Harden async retry and service URLs

Author: kvz

CHANGELOG.md

@@ -1,6 +1,7 @@
 ### 2.0.0 / 2026-05-20 ###
 * **Breaking Change**: Raised the supported Python runtime floor from 3.9+ to 3.12+ so the SDK no longer has to retain vulnerable locked dependency versions for EOL Python 3.9 or depend on tooling lines that are already dropping older runtime support.
 * Added explicit asyncio support with `AsyncTransloadit`, async request/assembly/template helpers, and `asyncio.sleep`-based polling.
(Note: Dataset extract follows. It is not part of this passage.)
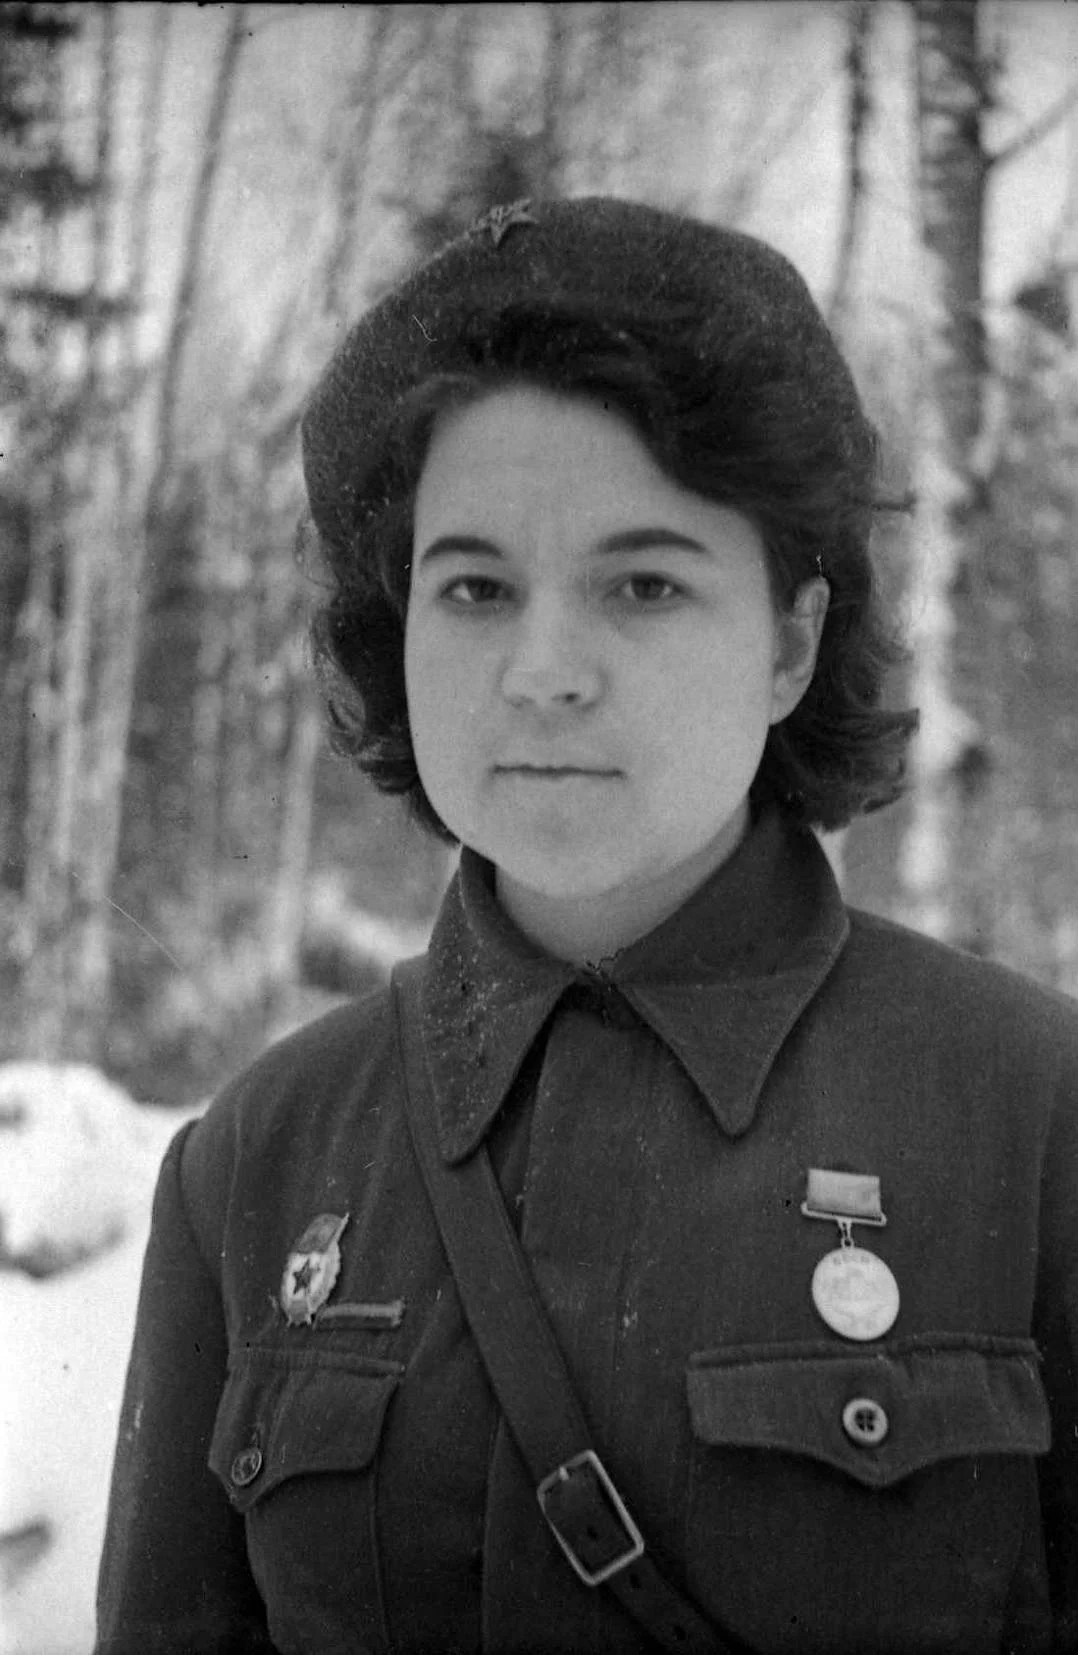 История за кадром: Валя Панфилова — дочь и солдат

Resumable uploads stay on the existing TUS client, but run through `asyncio.to_thread()` so the event loop remains responsive instead of pretending the sync uploader is natively async.
+* Hardened sync and async request handling by preserving custom `auth` constraints, quoting path IDs, and keeping explicit/custom service URLs compatible with local, CI, and [Transloadit Gateway](https://github.com/transloadit/gateway) deployments.
 * Raised the runtime HTTP stack to patched versions by requiring `requests` 2.33+ and adding an explicit `urllib3` 2.7+ floor.
 * Updated development and documentation tooling, including `pytest` 9.0.3, `Sphinx` 9.1, `sphinx-autobuild` 2025.8, `coverage` 7.14, `tox` 4.54, and `requests-mock` 1.12.
 * Updated CI and local Docker test coverage to a representative Python 3.12, 3.13, and 3.14 matrix.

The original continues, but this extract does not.